In other words, many in the West became fixated with the wrong Sunni question—captured most famously by Bernard Lewis’ What Went Wrong? Published in 2002, the book was criticized for factual inaccuracies, sweeping generalizations and mischaracterizations, as Juan Cole noted in a review that same year. It notably ignores Sunni-majority countries that have acted in strategic concert with the West—such as Türkiye in NATO, the Gulf states in energy markets, and Pakistan during the Cold War. Nevertheless, the Lewis framing became the dominant paradigm in Washington: the conviction that the "Islamic World" had become broken and antithetical to the West, perhaps irretrievably so.

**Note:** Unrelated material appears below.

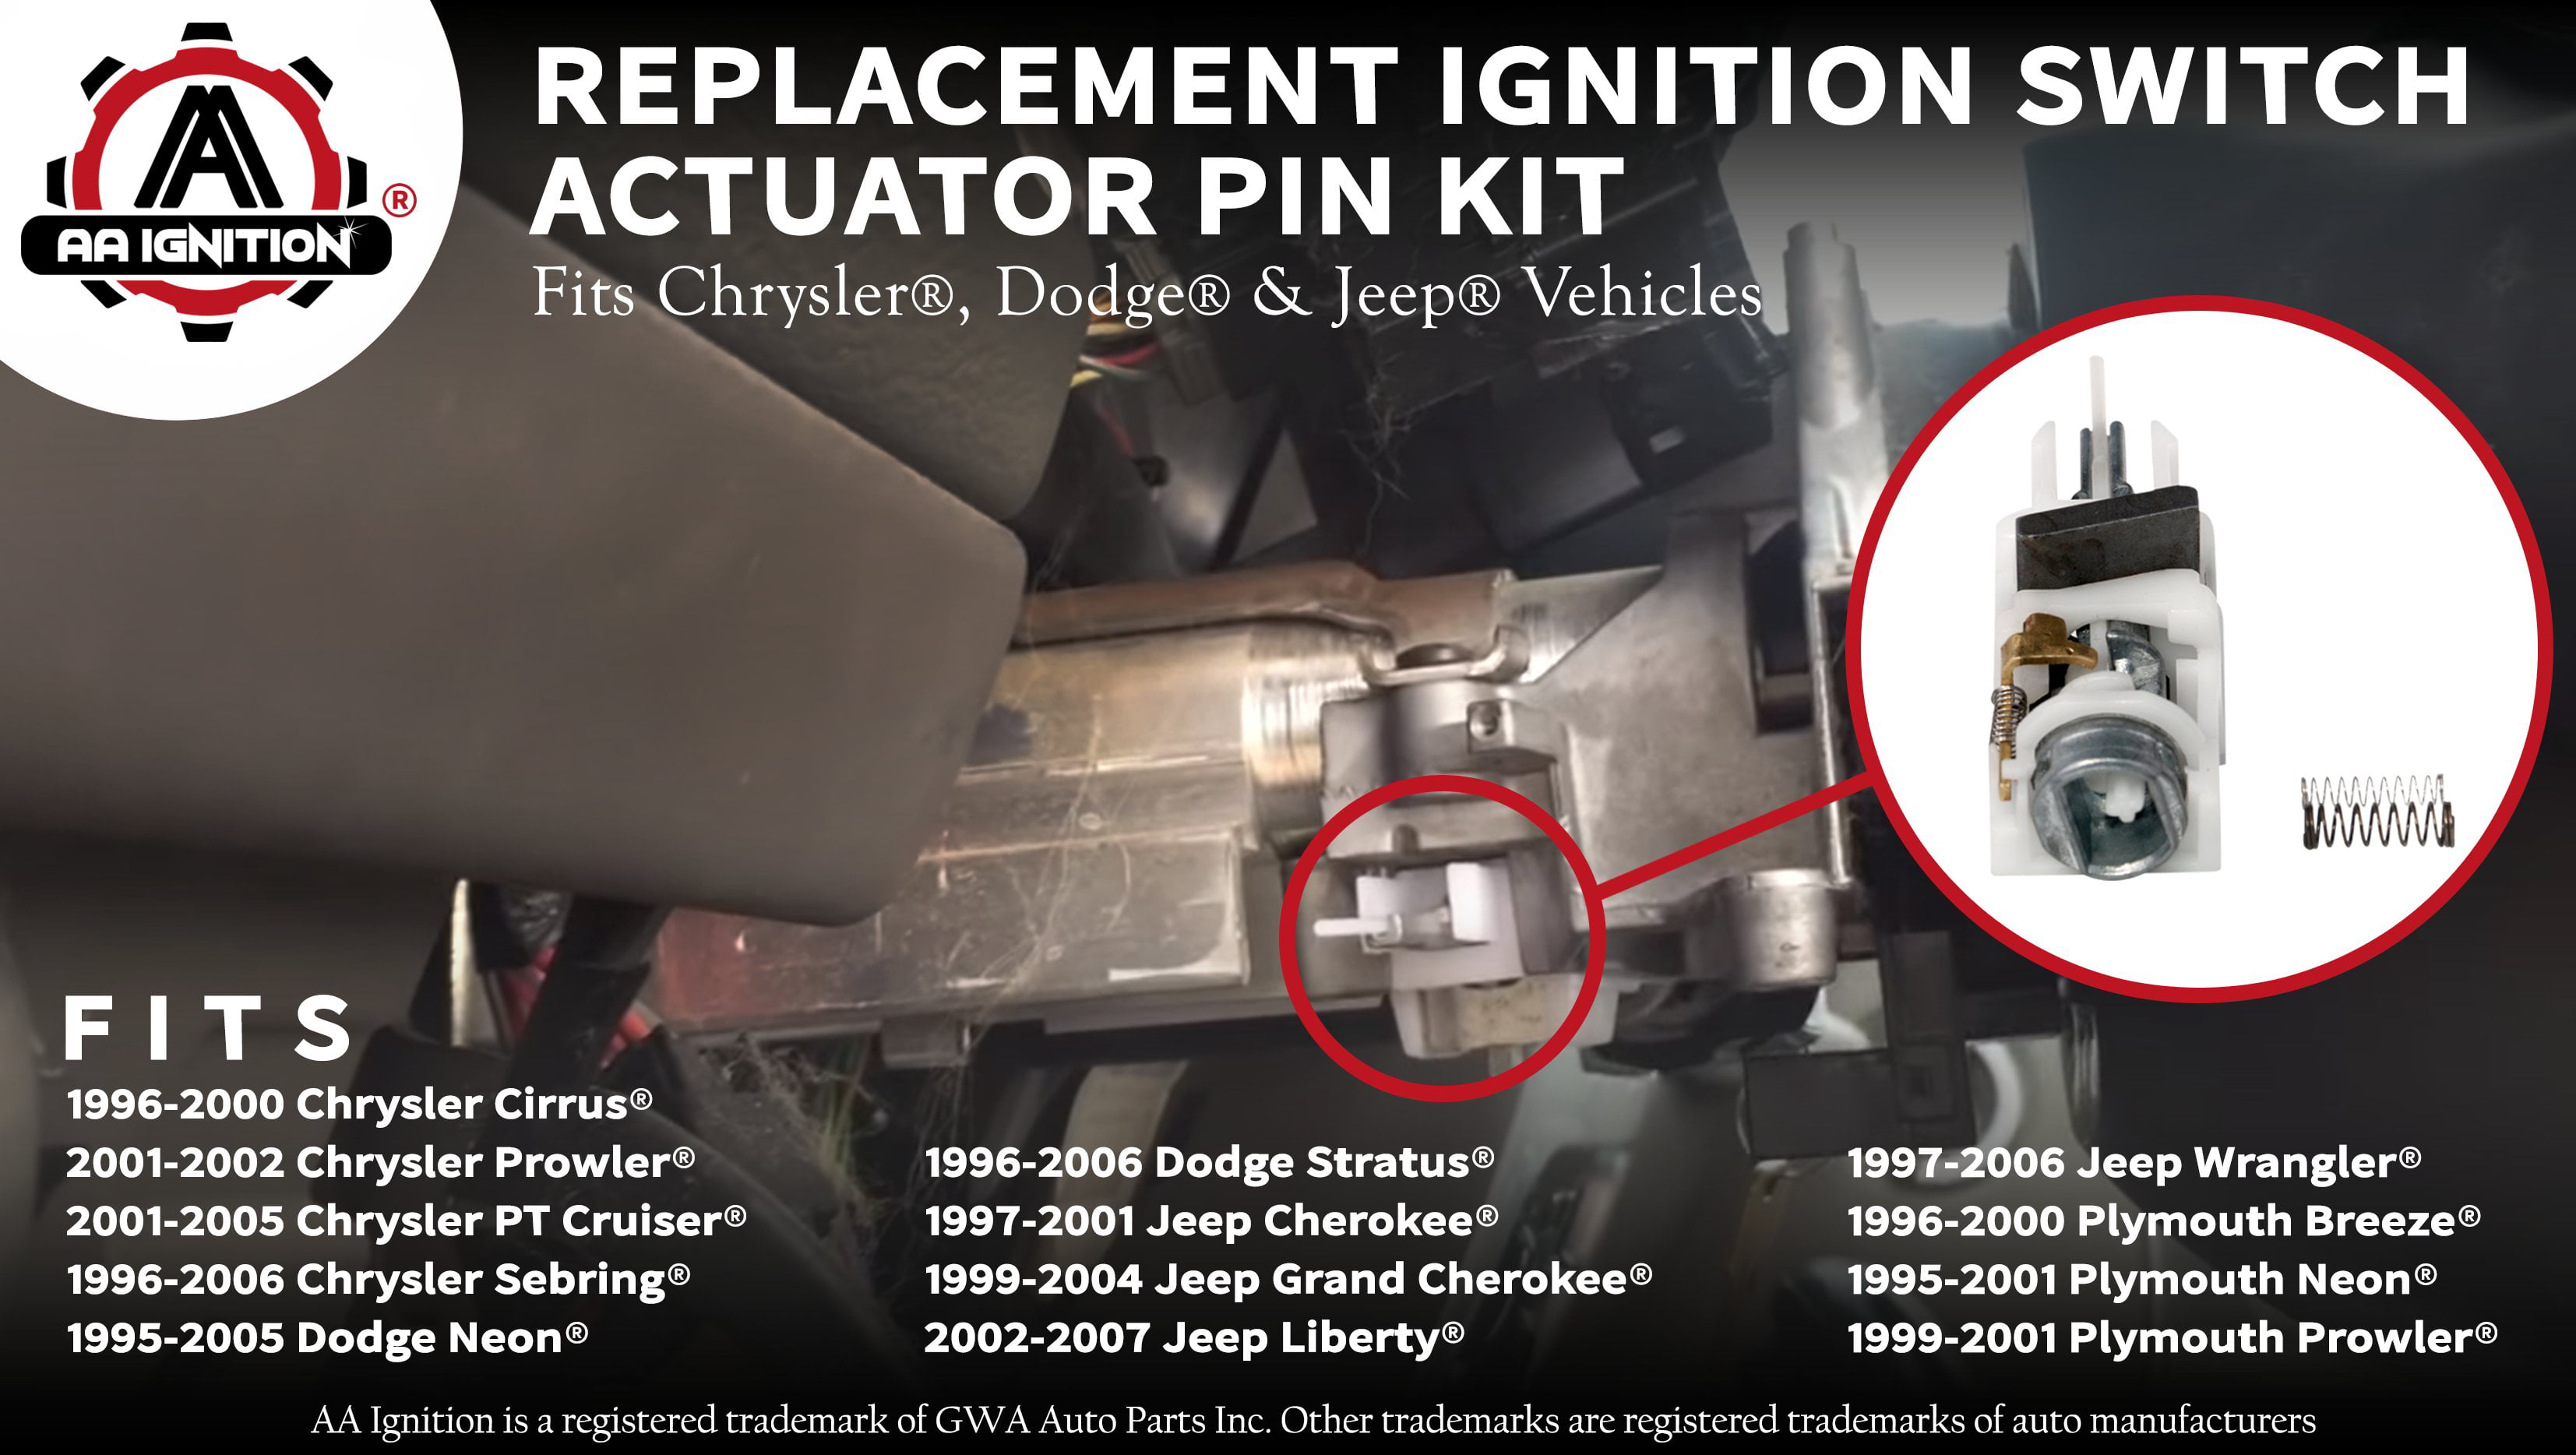 Ignition Switch Actuator Pin - Replaces# 4690492AB, 4664099, 924-704,  924704 - Fits 1997 - 2006 Jeep Wrangler, 1999 - 2004 Grand Cherokee, 02 -  07 Liberty, 1995 - 2005 Dodge Neon, Chrysler PT Cruiser

In that sense, we can understand the West’s 15-year reluctance to meaningfully act against Assad in Syria, despite his threats and harm against the West as well as his own people. U.S. policies on Libya, Mideast Peace, Afghanistan, Lebanon, Yemen, Iraq in the current century were all marked by a muddled mix of force and distancing that makes sense only when we realize that the underlying vision was fatalistic and negative.

Turkish President Recep Tayyip Erdogan and Egyptian President Abdel Fattah el-Sisi attend the signing ceremony for the agreements following their meeting in Cairo, Egypt, on February 4, 2026. (Collage by Türkiye Today / Zehra Kurtulus)
Turkish President Recep Tayyip Erdogan and Egyptian President Abdel Fattah el-Sisi attend the signing ceremony for the agreements following their meeting in Cairo, Egypt, on February 4, 2026. (Collage by Türkiye Today / Zehra Kurtulus)

A better 'Sunni question'

Western observers would be better served by a lens of geopolitical analysis—one that assumes pragmatism and self-interest take priorityrather than a culturalist or Orientalist lens that assumes irrationality rooted either in ideology or incapacity.

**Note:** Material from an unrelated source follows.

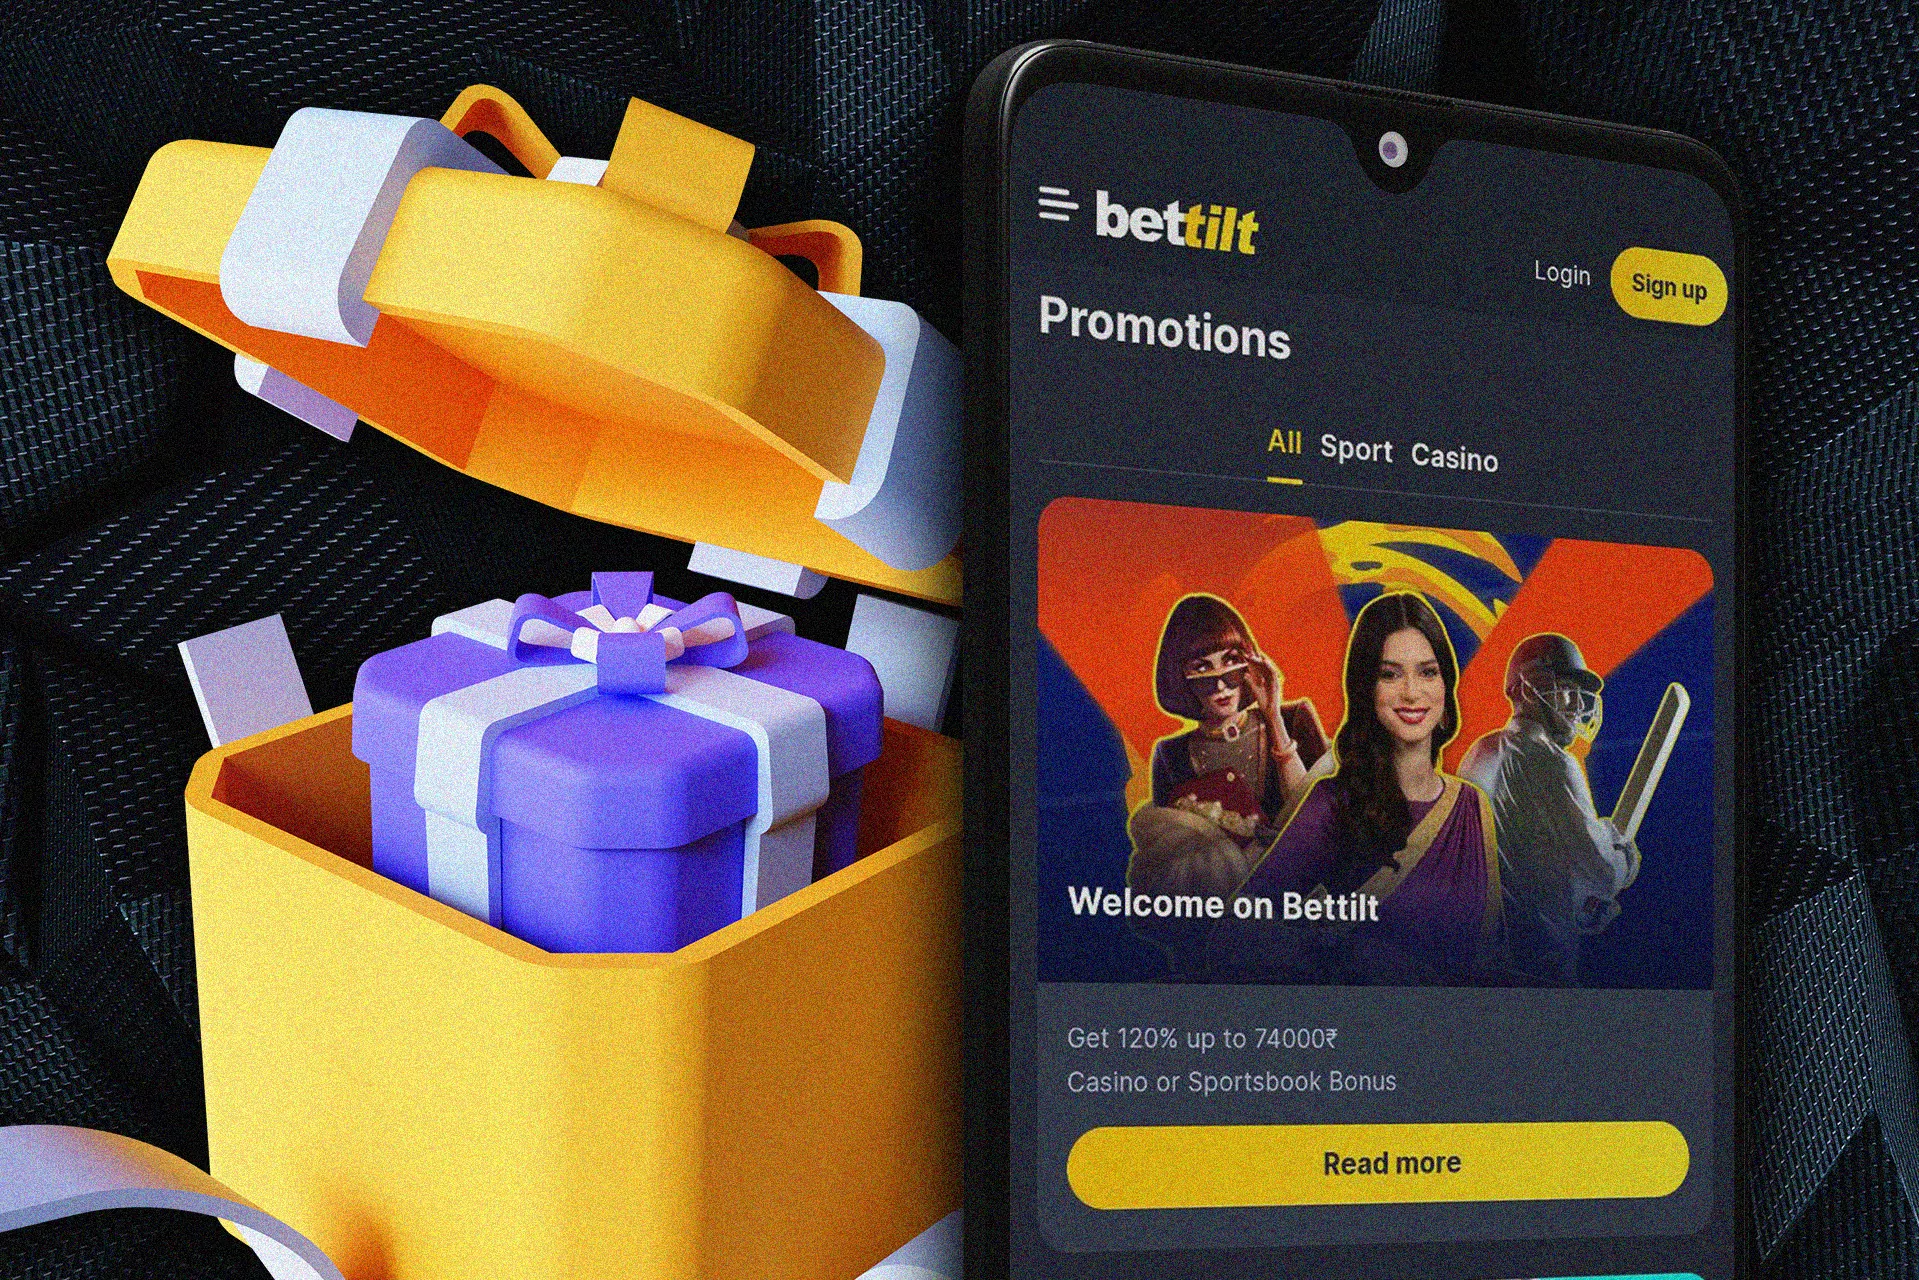 Promotions of Bettilt for all sports and casino.

In this light, the “Sunni question” shifts; it becomes “what common interest might drive major regional powers from rivalry toward cooperation, and whether such a shift represents a threat or an opportunity for the U.S. and other Western powers?

The answer to the first part is that these powers seek to stabilize conflict zones within the “Sunni neighborhood”—areas defined by human suffering—so that they can join the evolving economic and political arrangements of the 21st century.

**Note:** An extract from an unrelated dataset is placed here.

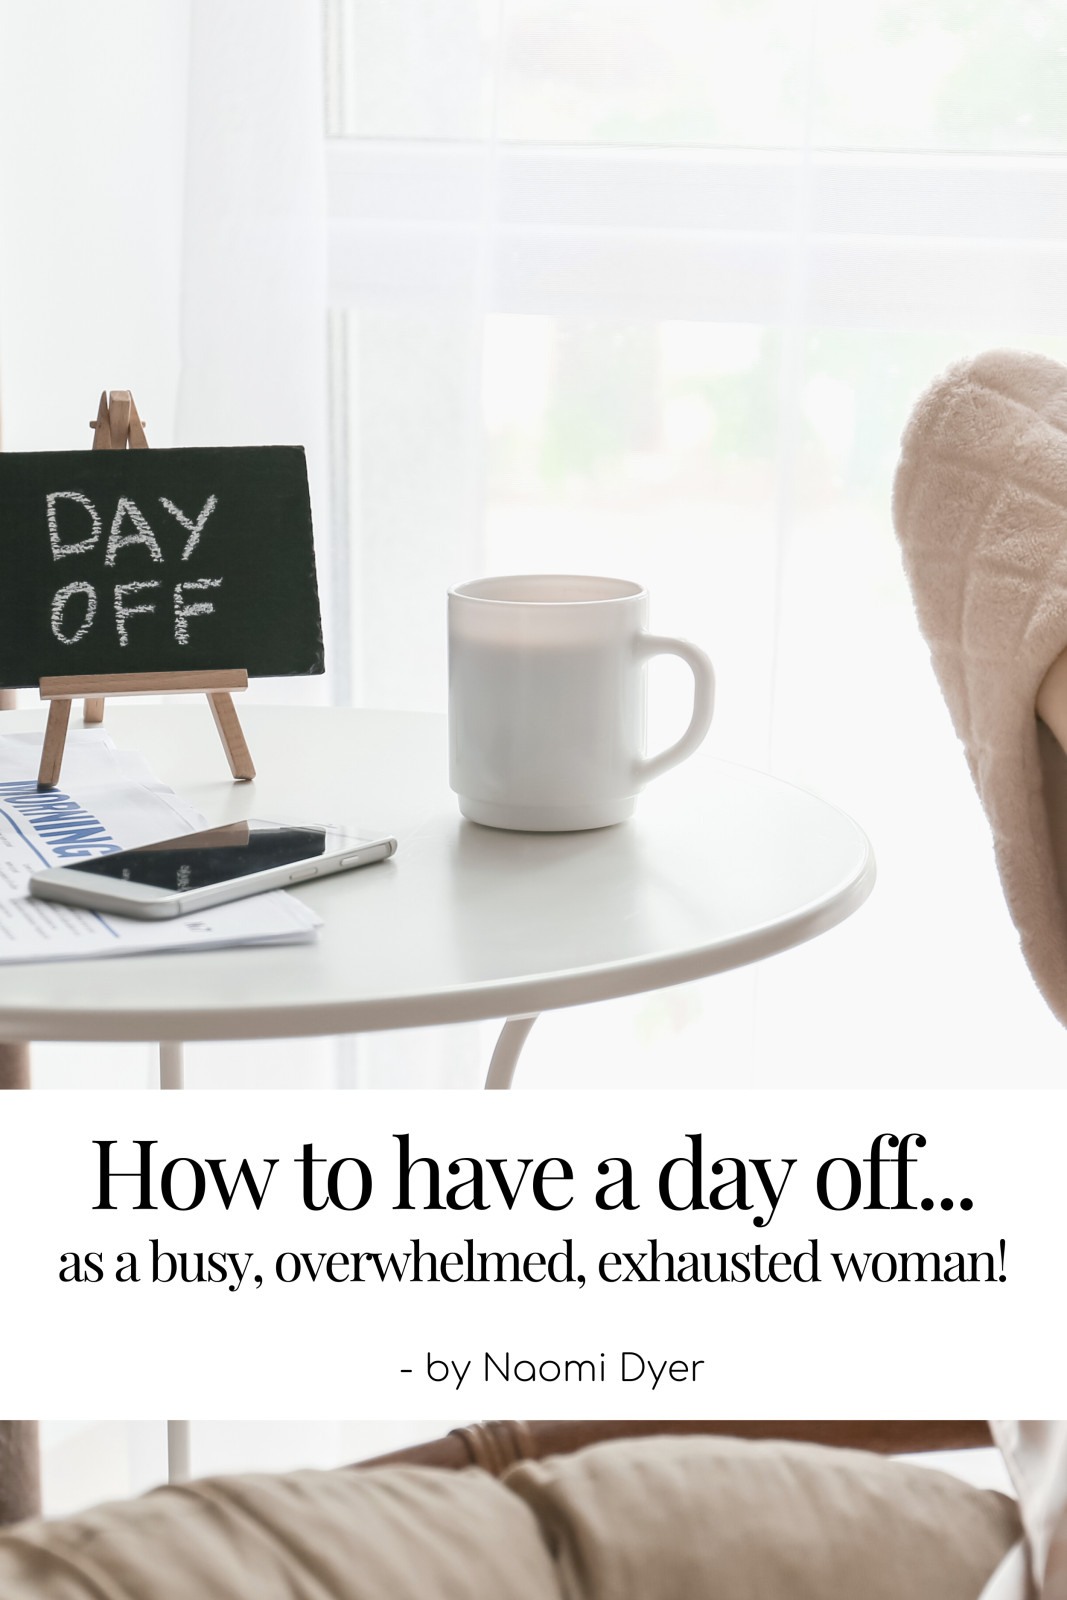 How to have a day off...as a busy, overwhelmed, exhausted woman!

What the U.S. and U.N. have proven incapable of solving might now be solved through a combination of Gulf funding, Turkish military muscle and creative diplomacy. This means the construction of an axis of consolidation against a status quo based on fragmentation and strategic arson by external powers.

As for the second part, President Trump seems less wed to ideological predispositions and prevailing wisdom in Washington and more driven by the art of the possible. The Trump foreign policy encourages allied regional powers to take responsibility for their regions—Europe for Ukraine, Japan and Korea for the Pacific, Sunni powers for the Mideast.

Washington’s public intellectuals and analytic class may not have caught on yet, but the recent turn toward cooperation among our friends in the region fits perfectly with Trump’s vision of a reformed and sustainable global order.

Far from being a threat, it presents an opportunity to reduce ambiguity and cynicism in U.S. foreign policy and implement a pragmatic and commercially-oriented approach with concrete benefits for our national interest—as well as for the people of the region. To this Sunni question, Washington’s answer should be an emphatic “yes.”